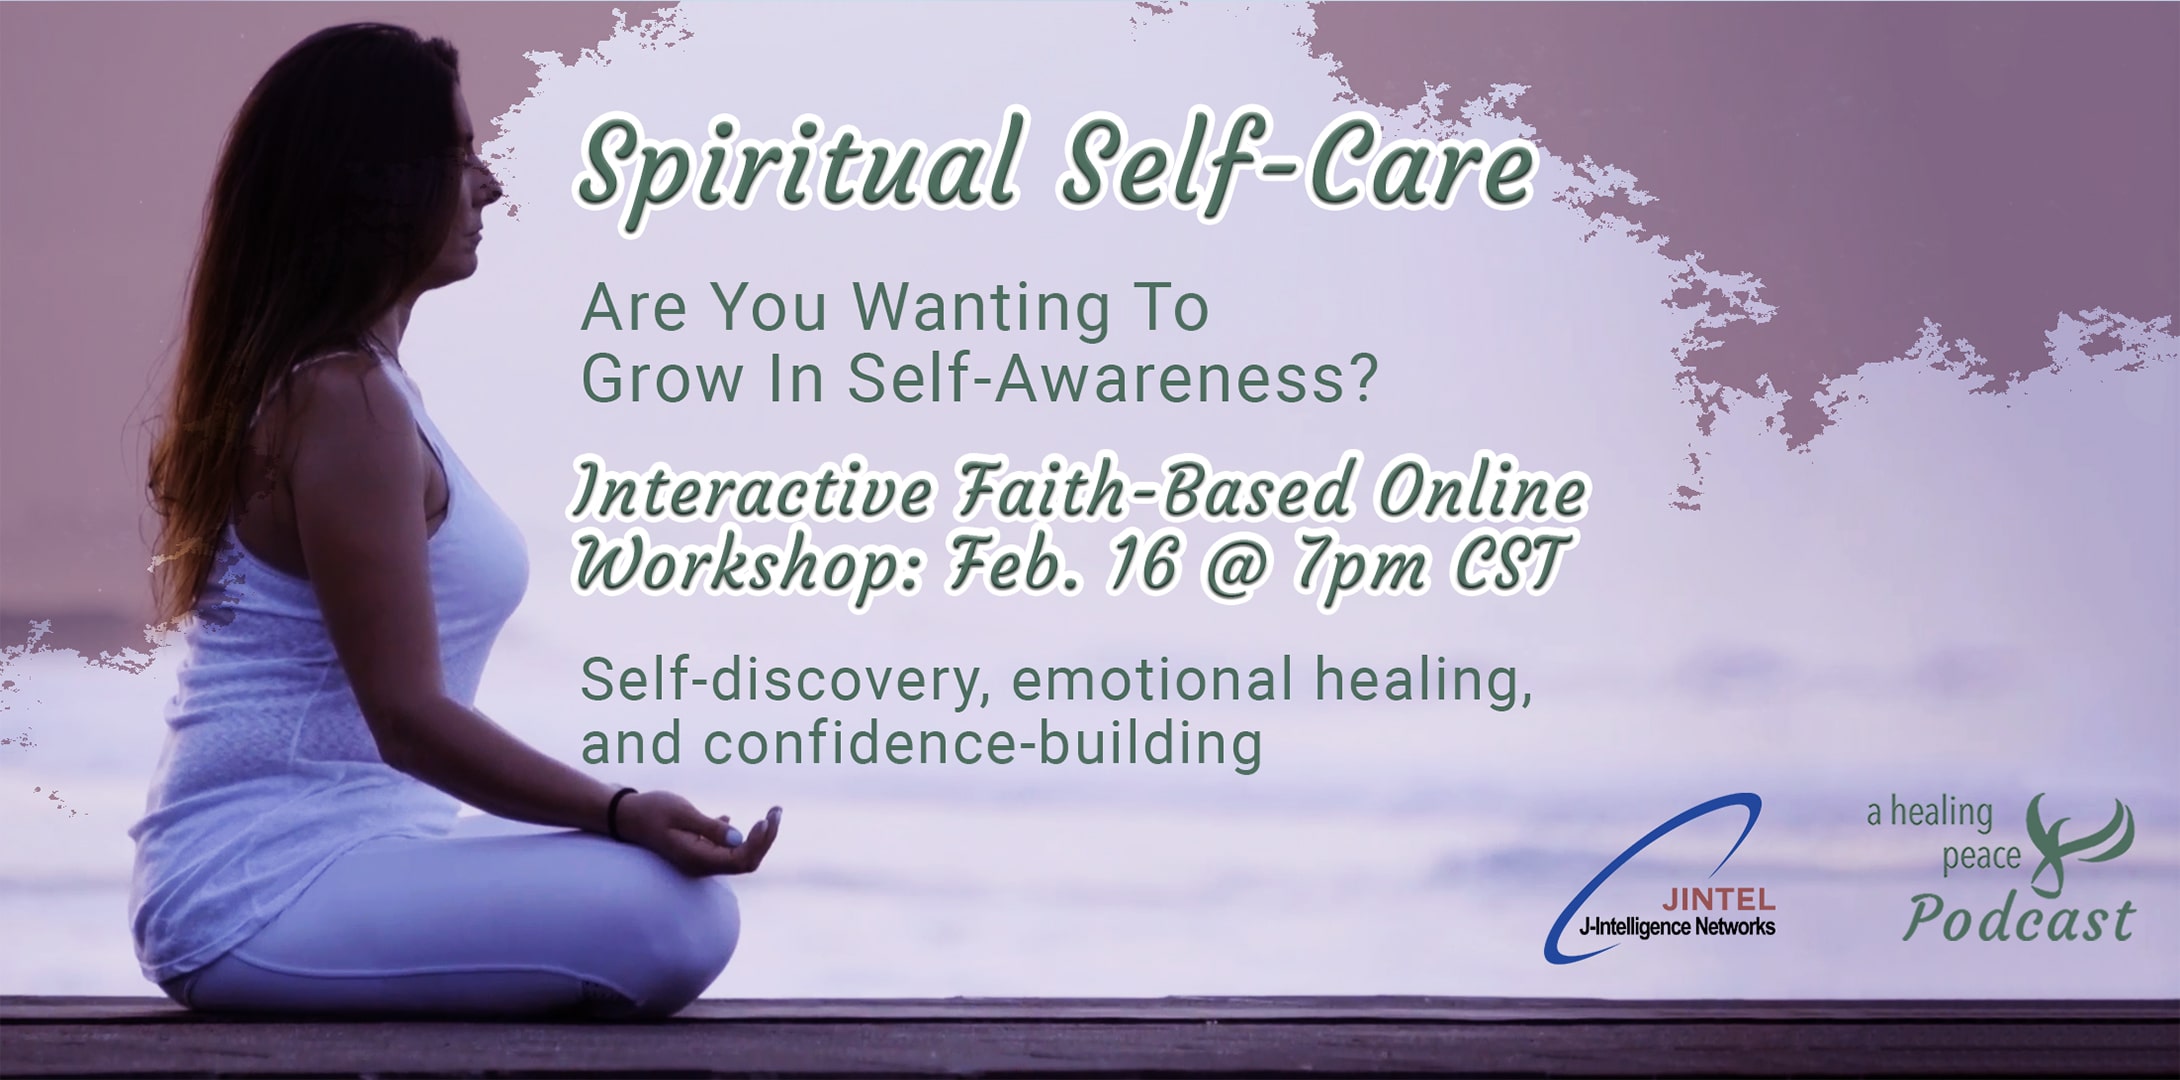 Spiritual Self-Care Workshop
---
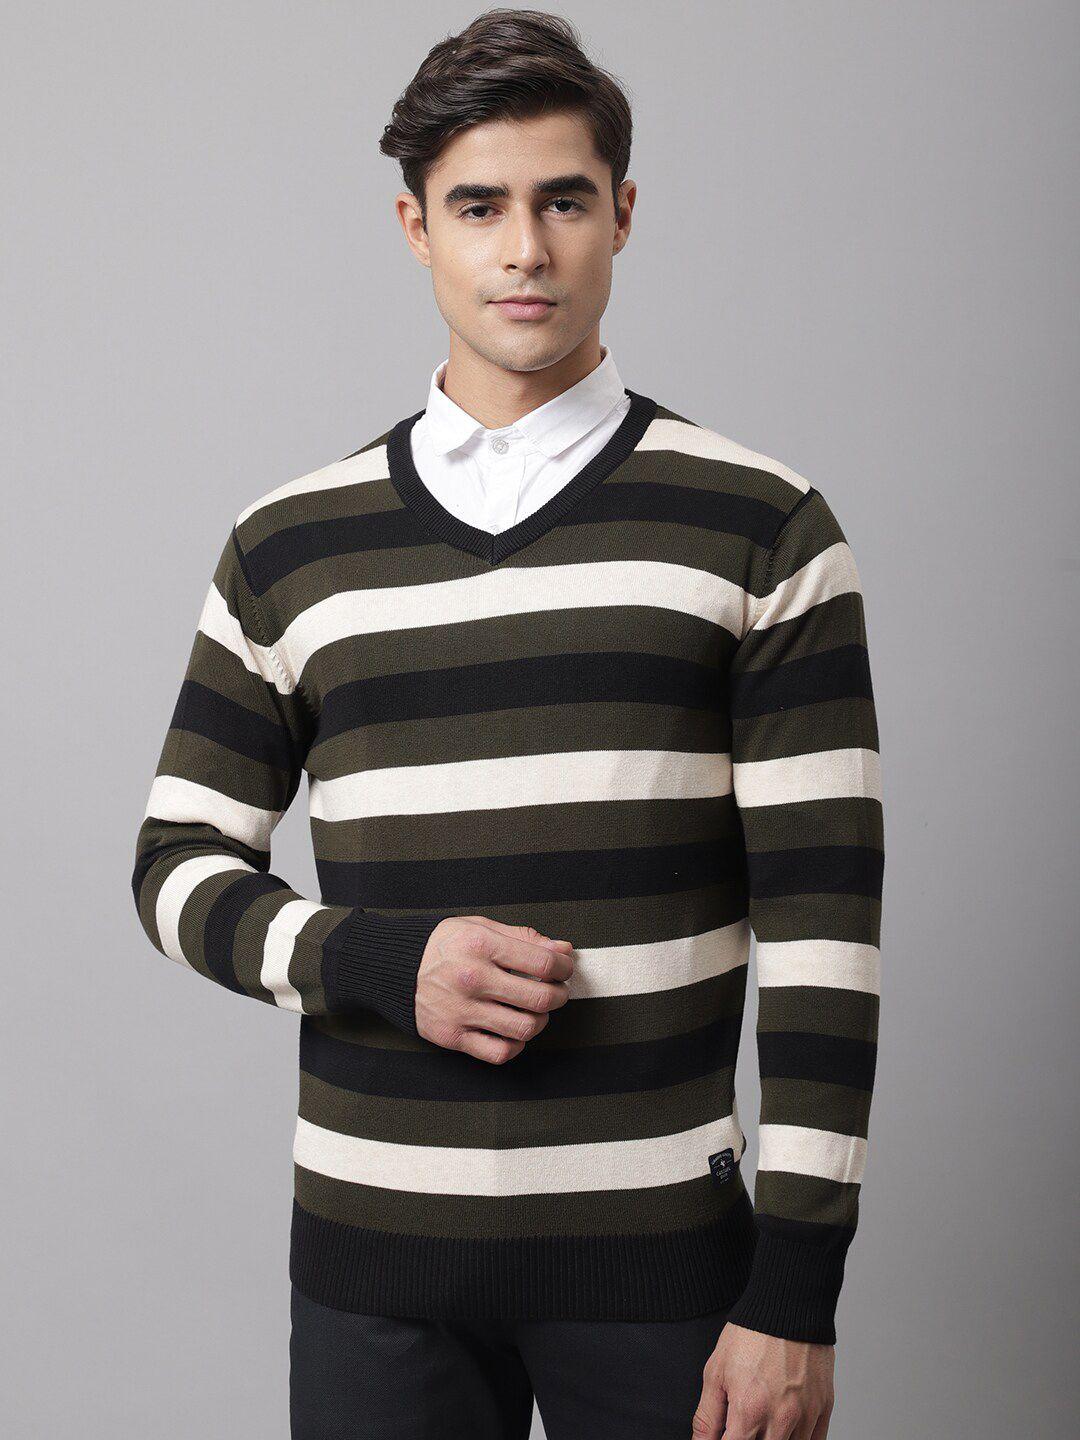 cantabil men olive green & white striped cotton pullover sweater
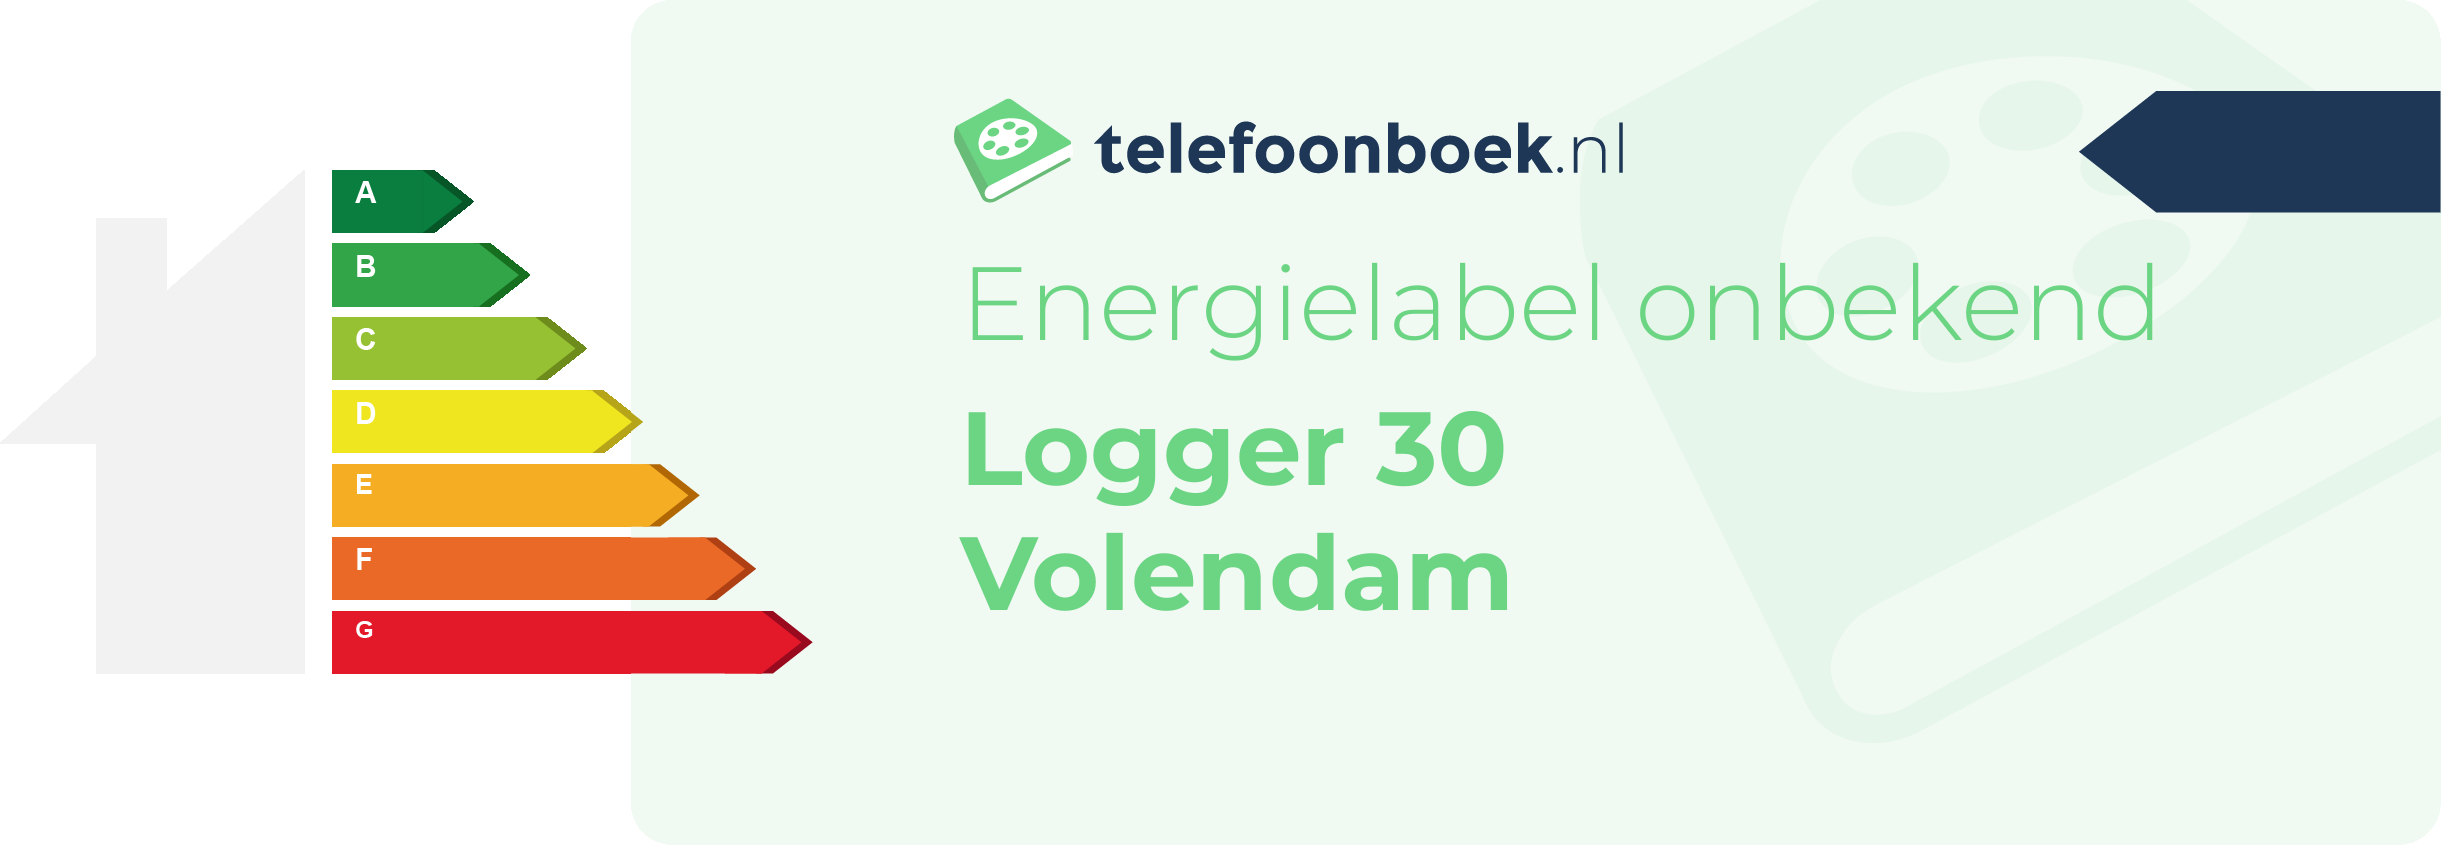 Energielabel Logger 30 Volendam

▸ Task directions: Copy nothing but the lines above that run from the one with "cantabil men olive" to the one with "Energielabel Logger 30 Volendam", ends included; pictures stay out.

▸ Written solution:
 cantabil men olive green & white striped cotton pullover sweater
 Energielabel Logger 30 Volendam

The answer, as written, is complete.